I understand that response times for enterprise search generally tend to range somewhere between five and seven seconds (although longer, of course, if the user is logging in remotely). If this is your first enterprise search implementation, however, users will likely be delighted with those sorts of speeds if they are getting good, solid results. Ultimately, though, most of your legal professionals look only to the relevance of the results returned when judging your search engine.
Relevance. Relevance is the most difficult aspect to test properly prior to launch. As noted above, you will want to establish use cases of the different categories of searches that you anticipate your users will be conducting after launch. The difficulty, of course, will be trying to assess in advance what those categories of search will be and what particular queries your typical users will run.
At this point, it may be useful to note the difference between relevance and precision in search testing. The best description of the difference between the two that I have read is the following, from an article entitled Testing Search for Relevancy and Precision, by John Ferrara:
Precision is the ability to retrieve the most precise results. Higher precision means better relevance and more precise results, but may imply fewer results returned. For a query, recall means the ability to retrieve as many documents as possible that match or are related to a query.
Recall may be improved by linguistic processing such as lemmatization, spell-checking, and synonym expansion. In information retrieval, there’s a classic tension between recall and precision. Specifying more recall (trying to find all the relevant items), you often get a lot of junk. If you limit your search trying to find only precisely relevant items, you can miss important items because they don’t use quite the same vocabulary.
Getting the balance right between precision and recall is more art than science and is one of the areas where input from consultants who have engaged in other search implementations will prove particularly valuable.
In trying to get this balance right and running what we expect to be “typical” queries, we knowledge management professionals tend to over-estimate the sophistication of our users. In my firm, a review of the search strings that users actually ran (which we could of course only examine after launch) showed that most users tend to use only a few words, and generally without using quotation marks to search specific terms. I suggest that you prepare your test cases accordingly.
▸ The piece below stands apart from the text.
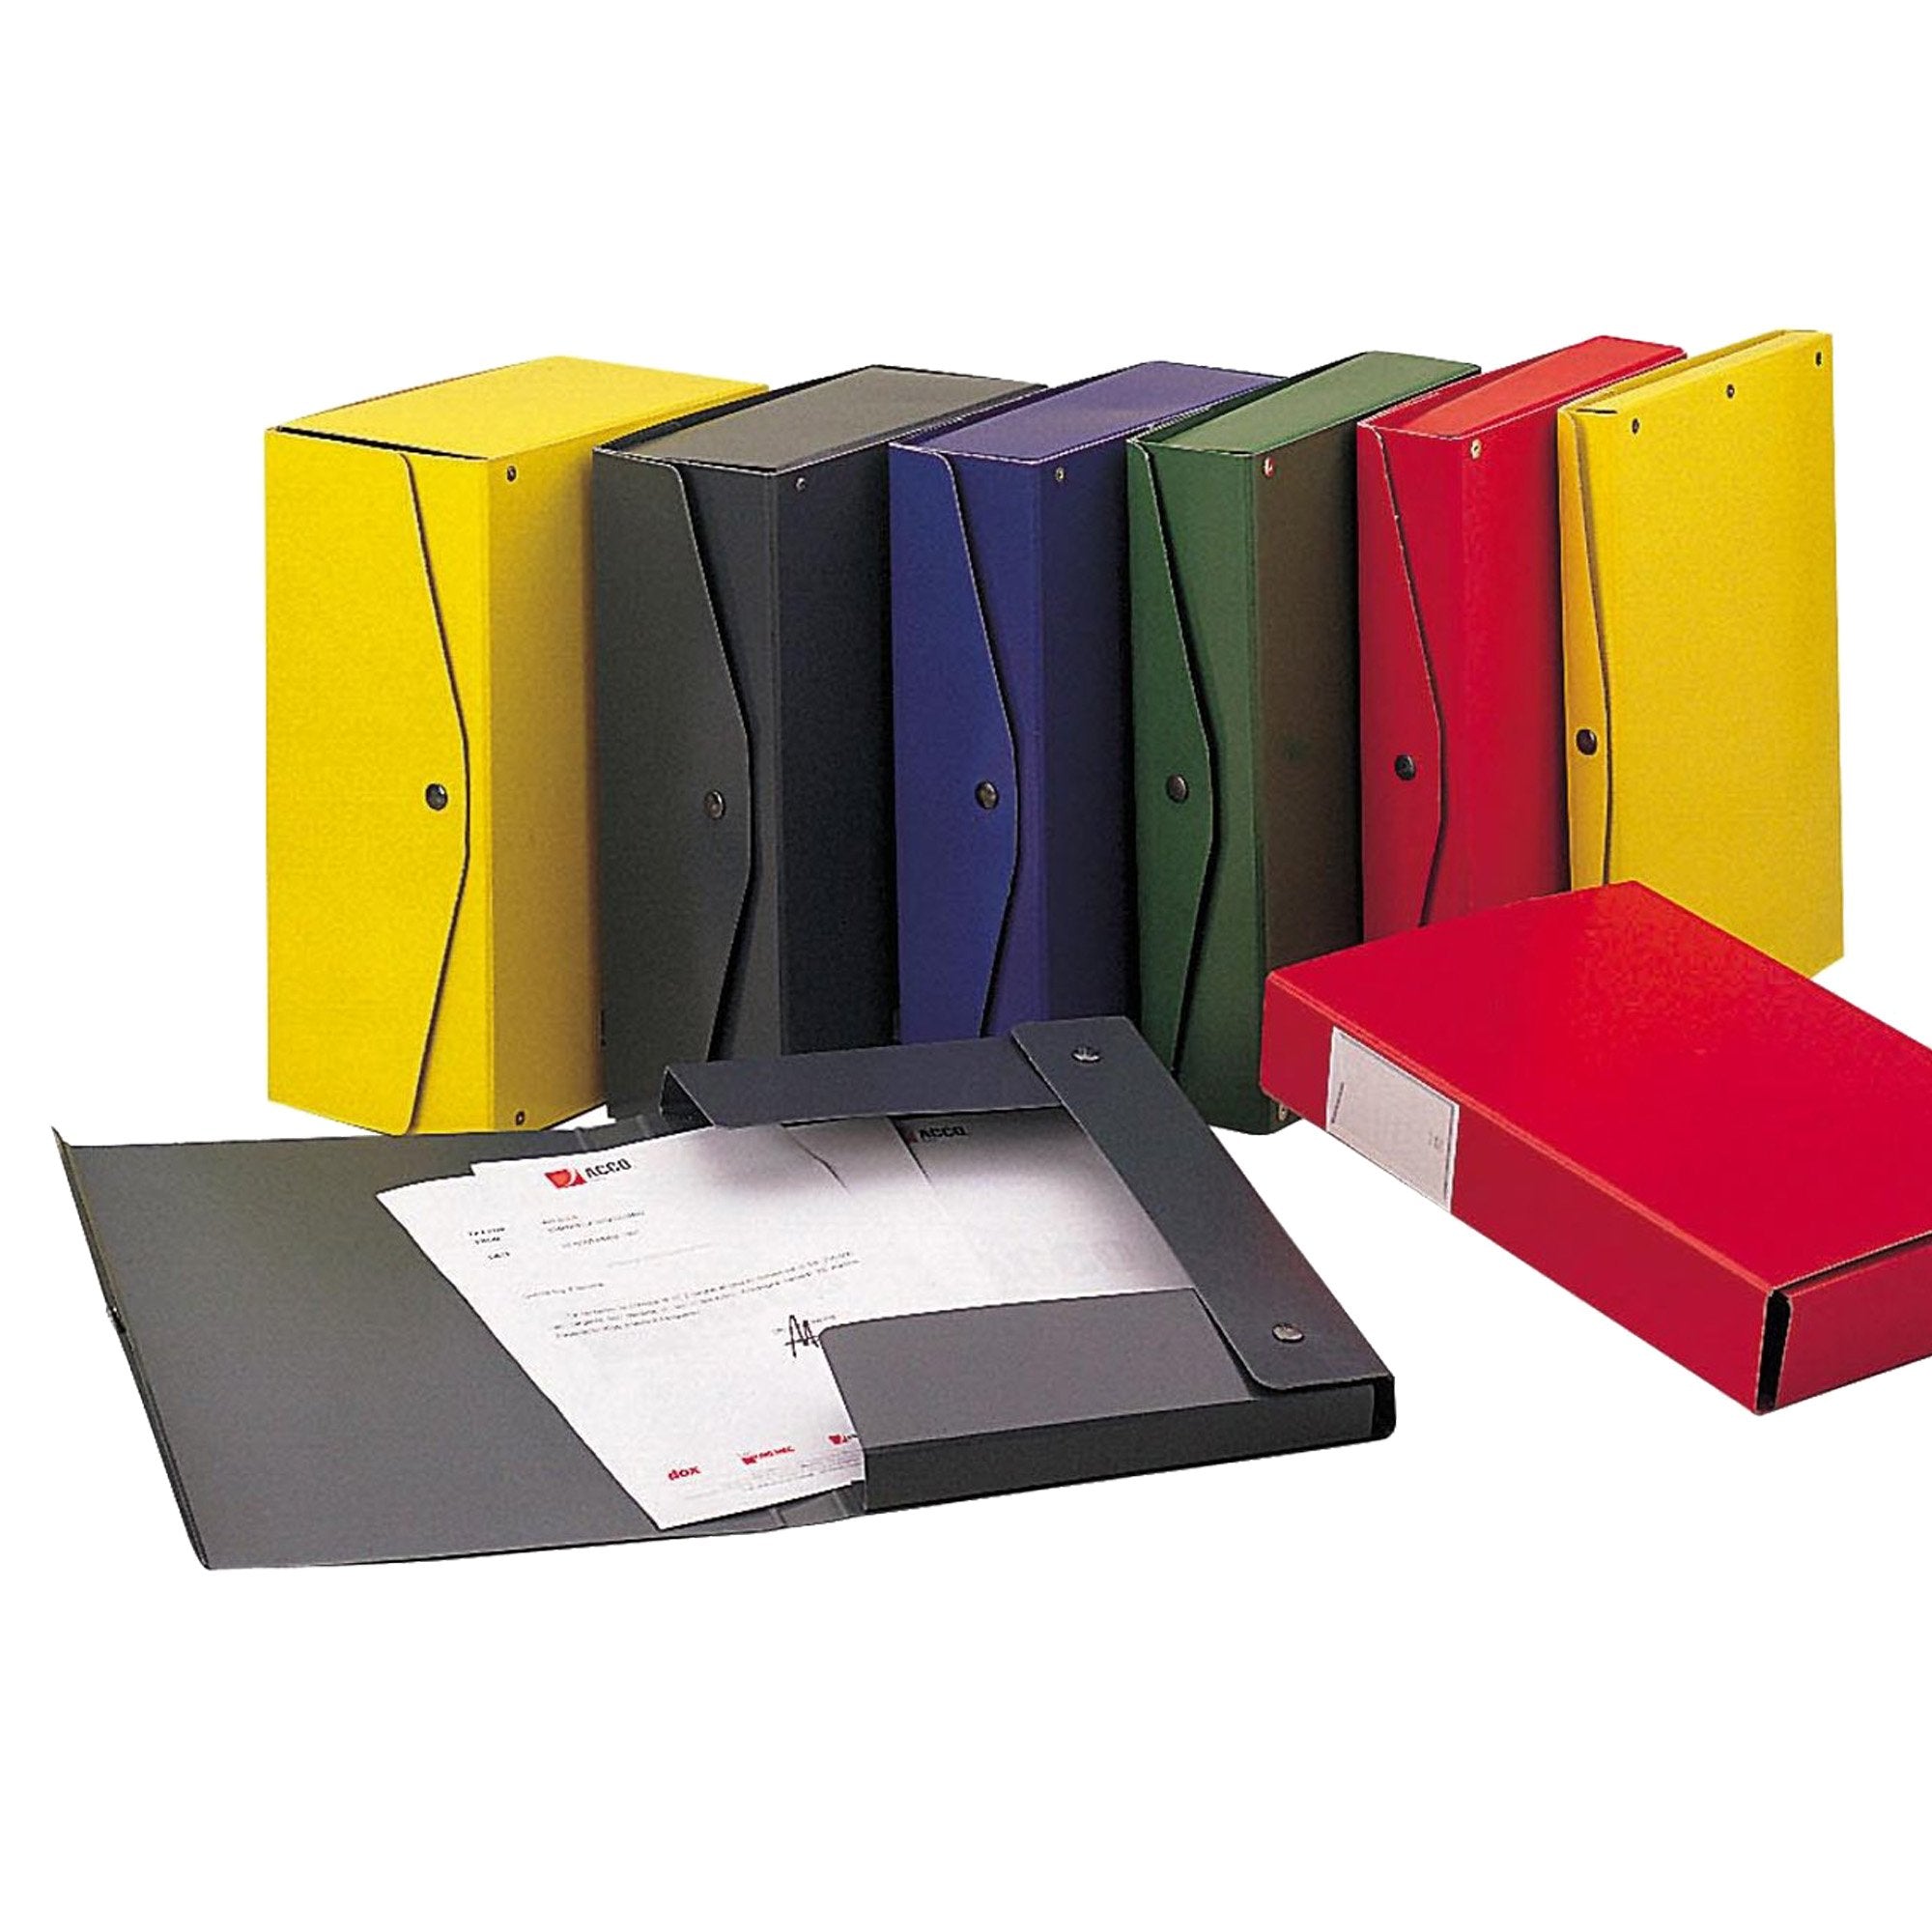 king-mec-scatola-archivio-project-4-giallo-25x35cm-dorso-4cm

The best course is to go to several lawyers who you know are supportive of your project and review your draft use cases with them, to confirm that these are the types of searches that they might reasonably anticipate running.
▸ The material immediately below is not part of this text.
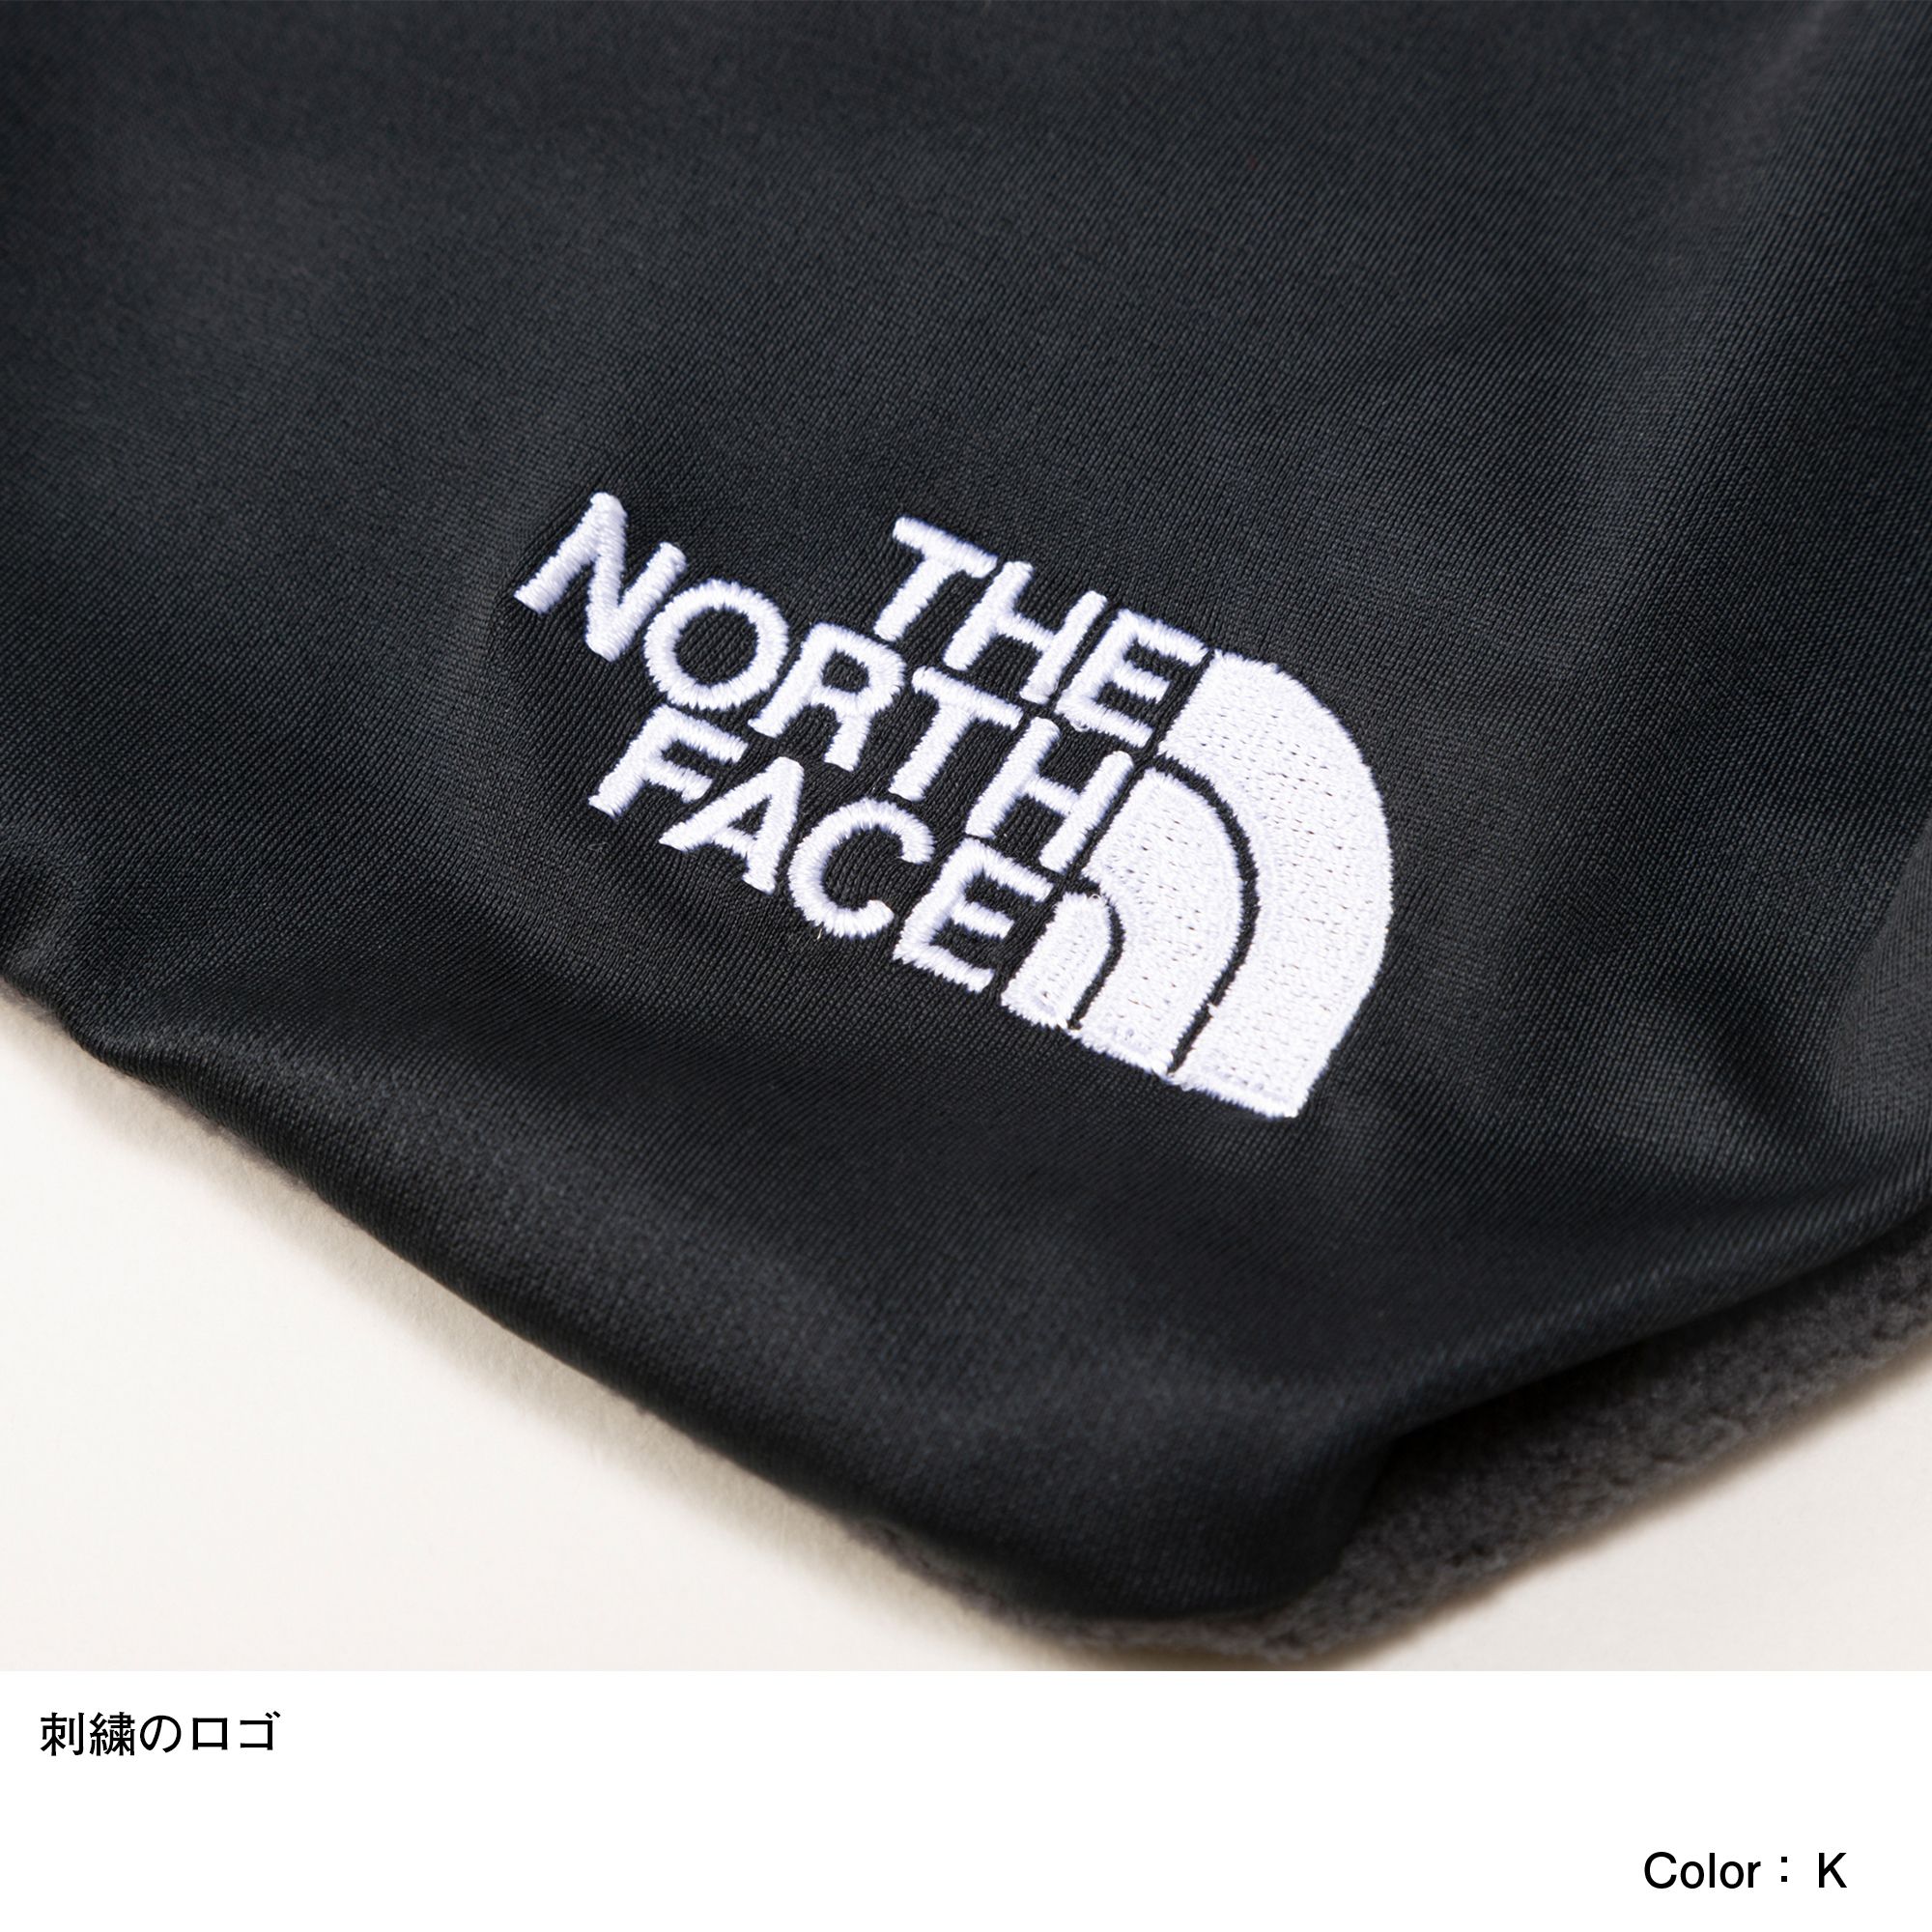 スーパーライトキャンプピロー（NN32225）- THE NORTH FACE公式通販

Next, you need to get your pilot testers to run those use cases with you standing over their shoulder, watching what they actually do and recording their results. This will serve two purposes. First, it will allow you to see how users actually use the search engine in “real life.” You’ll also see the “mistakes” they make, and be able to adjust your training accordingly.
Second, once you launch your engine, you will want to go back and run the same searches from those use cases and confirm that you get the same results as when you were in pilot testing. It’s possible that those results may vary after launch and, if so, you’ll want empirical data to study and take to the vendor, if needs be.
Once you’ve done your testing, tweaked your settings, and made all the other technical, behind-the-scenes changes you need to make, you’re ready for roll-out. That will be the subject of my last posting in this series.